Iran’s military thinks U.S. attack likely
Babak Yektafar is the Editor-in-Chief of Washingtonprism.org. He is a graduate of Farleigh Dickinson University with a B.A. in Communications. From 1999 to 2005, Babak was a producer with C-SPAN network’s national live morning program, Washington Journal.
PAUL JAY, SENIOR EDITOR: In a fascinating piece in The Tehran Times, Iranian Major General Safavi says that Iran has become an extra-regional power. He says Iran wants peace, and says Iran does not expect an American attack, but they can fight back if they have to. Safavi says, quoting, U.S. officials once thought they could surround Iran by occupying Afghanistan and Iraq; now, the Americans should realize 200,000 troops they have employed in Iraq and Afghanistan are in Iran’s firing range. Joining us to analyze the general’s comments is Babak Yektafar, editor in chief of Washington Prism magazine, and a former producer with C-SPAN’s Washington Journal. The title of this article in The Tehran Times is “Iran Has Become an Extra-regional Power.” I’m not entirely sure why the general wants to brag about that. It seems to me that’s precisely why the Americans want regime change. Why do you want to go claiming how extra-regionally powerful you are? It’s almost a deliberate provocation.
BABAK YEKTAFAR, EDITOR-IN-CHIEF, WASHINGTONPRISM.ORG: Given the fact that tensions are extremely high right now between Iran and the United States, and some of the movements that we have seen recently—prior to President Ahmadinejad’s trip to New York, for example, they had a military parade again. This was because of marking the anniversary of the Iran-Iraq war. And they had just unveiled a domestically made fighter pilot, which Iran is very extremely proud of, and it got huge coverage in the Iranian media, it’s important for them to try to project some sort of a military might, given the fact that the Islamic Republic Guardian corps is actually in the news lately. They’re being sanctioned or at least they’re being threatened to be sanctioned by the United States, and it seemed to be the focus of the third resolution that they’re trying to push through the security council at the United Nations. So it’s a good play, I would think, for General Safavi to do this kind of grandstanding.
JAY: Do you get a sense whether the Iranian military is expecting a war or not? Here’s another quote from the general. He says, “I think that the rational people in the U.S. Congress and the Democratic Party will not allow the current U.S. administration to declare a new war.” Is he just being overly optimistic?

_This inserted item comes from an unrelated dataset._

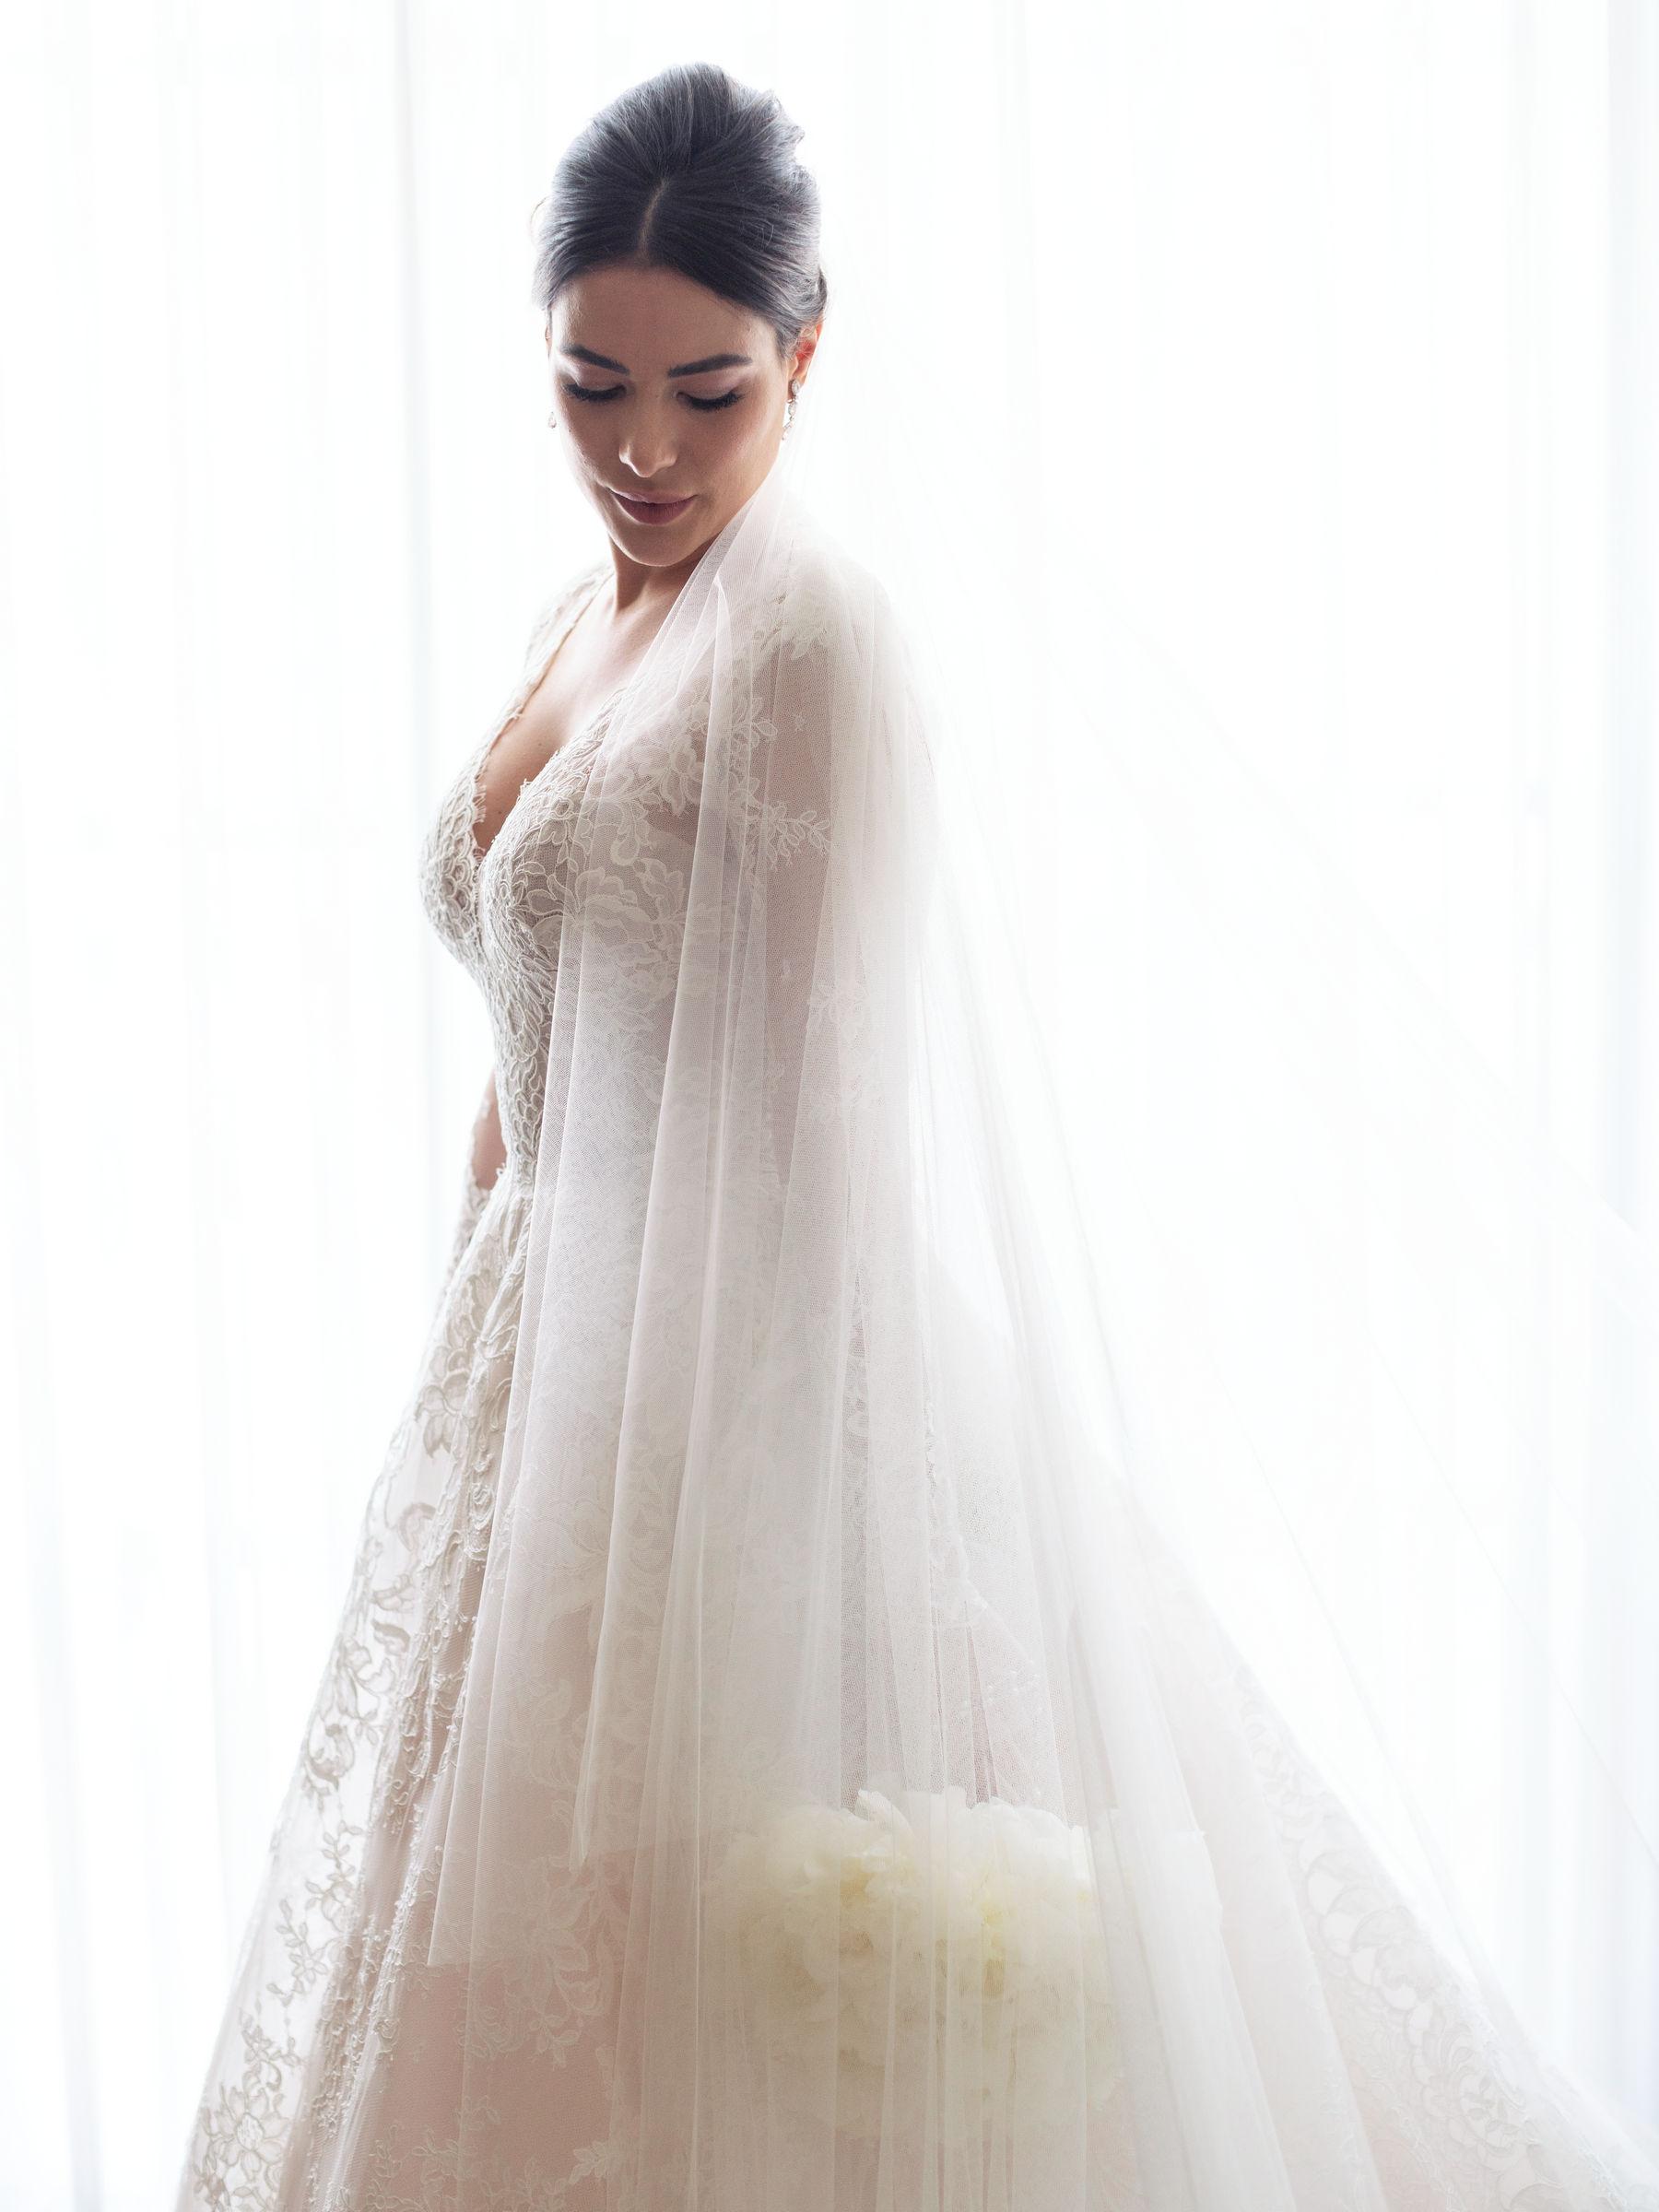 maria-eduardo-montage-beverly-hills-wedding-132.jpg

YEKTAFAR: I think in public dialogue you will see a lot of that. They do follow U.S. media, and they do read and hear all the discussion that goes on here about how the United States military is bogged down in Iraq, for example, and some of the difficulties that they’re having funding this war, and such issues. So they want to make sure that the United States is aware that they know what’s going on, and they use that in saying it’s absolute madness for the United States to do that.
JAY: But do you get any sense of what they believe to be? Are they really expecting something?
YEKTAFAR: They expect something. And, in fact, as what you see, what you hear and you read from some of these officials in the media is that they are considering certain activities that are going on among the tribes in Iran, among some ethnic groups, the Balochis in the southeast, the Arabs in Khuzestan, the oil-producing Khuzestan region down south, which is by the Gulf, Azoris in the northwest. There has been some troubles, there has been some ethnic problems going on. And they sincerely believe that this is backed by the United States by special ops. And as you may know, of course, recently there have been bombings, some areas in the Kurdish region in the northern part of Iraq, basically saying that the United States is backing Kurdish, what they label as terrorists, the PJAK group, of infiltrating into Iran through Iranian borders and going through some bombing campaigns and some disruptive Iranian soil.